Unibep odbuduje w tym roku zyski. Ale to nie koniec

Stabilizacja grupy za nami. Moją rolą jest zbudowanie na tym fundamencie trampoliny do odbicia rozumianego jako zwiększanie przychodów i przede wszystkim poprawę rentowności – mówi Andrzej Sterczyński, prezes Grupy Unibep.

Publikacja: 04.02.2025 05:53

Andrzej Sterczyński, prezes Grupy Unibep

Andrzej Sterczyński, prezes Grupy Unibep

Foto: Adam Tuchliński

Od tego roku to pan kieruje Unibepem. Jaką misję otrzymał pan od rady nadzorczej, jak pan widzi swoją rolę?

Przyszedłem do firmy w styczniu 2024 r. jako dyrektor finansowy, w marcu zostałem członkiem zarządu i już wtedy moja misja zarysowała się bardzo wyraziście. Po skomplikowanym dla grupy 2023 r., zakończonym 156 mln zł straty, należało poświęcić szczególną uwagę naszym interesariuszom – bankom, ubezpieczycielom i obligatariuszom – oraz przygotować firmę do trudnego audytu sprawozdania rocznego, a tym samym zidentyfikować wszystkie ryzyka i przygotować szeroko pojęty plan służący poprawie sytuacji. Zamknęliśmy rok finansowy 2023 bez zastrzeżeń audytora – poza oczywistą uwagą o ryzyku kontynuacji działalności. Uspokoiliśmy także rynek i wszystkich interesariuszy. Nakreśliliśmy różne działania, takie jak optymalizacja struktur, rozpoczęcie poszukiwań inwestora strategicznego dla Unihouse’u oraz analizę planów dotyczących Unidevelopmentu, biorąc pod uwagę fakt, że Unibep – ze względu na poniesione straty – tymczasowo nie był w stanie w pełni wspierać rozwoju tej spółki.

Teraz moją rolą jest zbudowanie na tym fundamencie trampoliny do odbicia rozumianego nie tylko jako zwiększanie przychodów, ale przede wszystkim jako poprawa rentowności i generowanie gotówki.

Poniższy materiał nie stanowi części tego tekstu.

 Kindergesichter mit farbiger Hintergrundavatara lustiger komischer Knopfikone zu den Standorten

Dostaliśmy kredyt zaufania od instytucji finansowych, teraz zakreślamy nowe kierunki rozwoju dla wszystkich segmentów działalności naszej grupy.

Po trzech kwartałach 2024 r. grupa miała 46,5 mln zł zysku netto przypisanego akcjonariuszom jednostki dominującej, wyłączając zaś one-offy,1,6 mln zł na minusie. Wyniki za cały rok nie powinny być negatywną niespodzianką?

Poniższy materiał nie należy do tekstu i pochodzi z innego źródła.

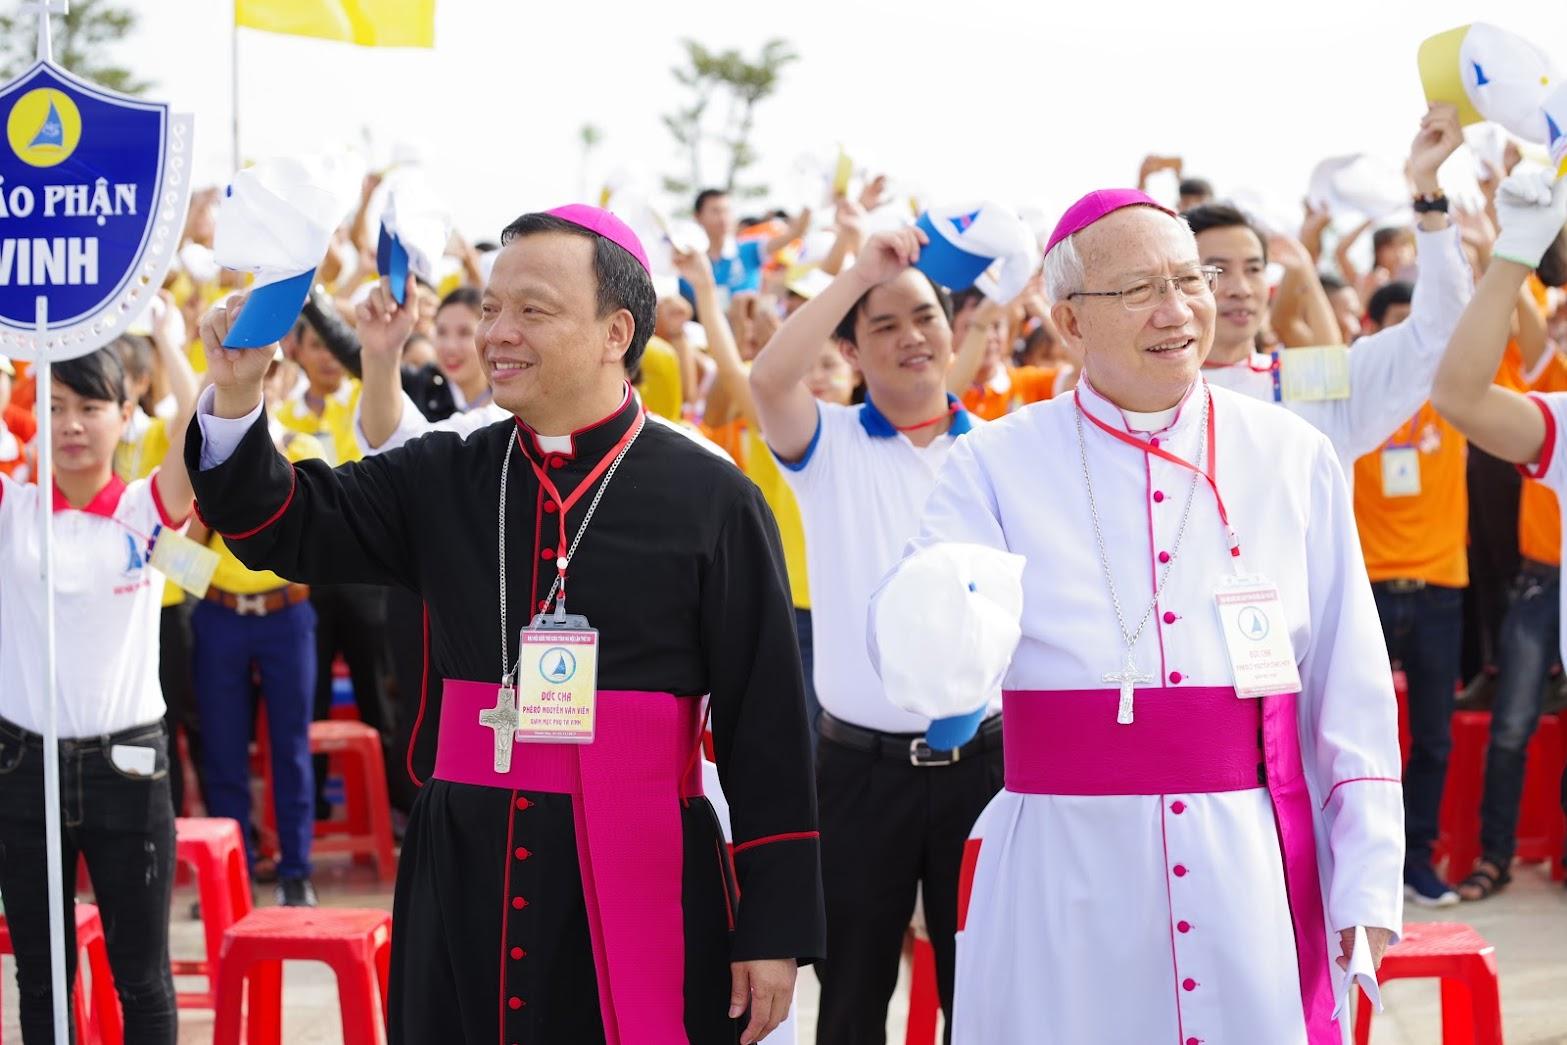 Những hình ảnh đẹp về lễ khai mạc Đại Hội Giới Trẻ giáo tỉnh Hà Nội lần thứ XV tại Thanh Hóa - Ảnh minh hoạ 19

Wstępne wyniki podamy na początku lutego. Plan na 2025 r. to symboliczna dynamika przychodów, bez „fajerwerków”. Jeśli jednak chodzi o rentowność, chcemy pokazać zupełnie inne oblicze. Mamy czystą kartę: trudne kontrakty przemysłowe, negatywnie wpływające na wyniki w latach 2023–2024, zostały zakończone, a na ich miejsce weszły nowe rentowne kontrakty energetyczne.

O zakreślaniu jakich kierunków rozwoju grupy mowa?

Unibep to budownictwo kubaturowe, przemysłowe, infrastrukturalne i energetyczne. Budownictwo przemysłowe oddzielamy od energetyki i łączymy z kubaturą, tworząc segment budownictwa ogólnego. Jego zadaniem jest intensywna praca nad pozyskiwaniem zleceń jak najlepszych pod względem rentowności. Unibep wyrósł na mieszkaniówce, ale dla umocnienia rentowności musi szukać bardziej zaawansowanych technologicznie i skomplikowanych kontraktów, dających lepszą bazę dla umacniania pozycji i poprawy rentowności. Z mieszkaniówki się nie wycofujemy.

Czytaj więcej

Inwestycje infrastrukturalne zapewnią budownictwu pracę

Widzimy potencjał w inwestycjach wojskowych, w obiektach użyteczności publicznej, w przemyśle. Stawiamy też na większą regionalizację działalności – dobrze, jeśli ten segment penetrowany jest w poszukiwaniu nowych zleceń nie tylko z poziomu centrali, ale też na poziomie lokalnym.

Chcemy kontynuować realizację kontraktów za wschodnią granicą, finansowanych z polskich funduszy publicznych. Kończymy budowę polskiej ambasady w Mińsku, a rozpoczynamy budowanie przejścia w Szeginie, po ukraińskiej stronie granicy. Wszyscy mają na uwadze odbudowę Ukrainy – my jesteśmy realnie do tego przygotowani. Nie spodziewam się szybkiego zakończenia wojny. Myślę, że będziemy świadkami raczej jakiejś formy jej wygaszenia, co będzie procesem powolnym.

Drugi segment to infrastruktura. Mamy silną pozycję w północno-wschodniej części kraju, ale chcemy wyjść z tej strefy komfortu, otwierając się na inne części kraju. Chociażby w okolicach Poznania czy Wrocławia, gdzie będzie mnóstwo przetargów. GDDKiA ogłosiła wielkie plany w zakresie budowy autostrad, obwodnic, dróg ekspresowych, będziemy więc w nich startować. Jesteśmy też bardzo zainteresowani rynkiem kolejowym jako istotny partner konsorcjalny, który z sukcesem może wykonywać prace ogólnobudowlane w tego typu projektach.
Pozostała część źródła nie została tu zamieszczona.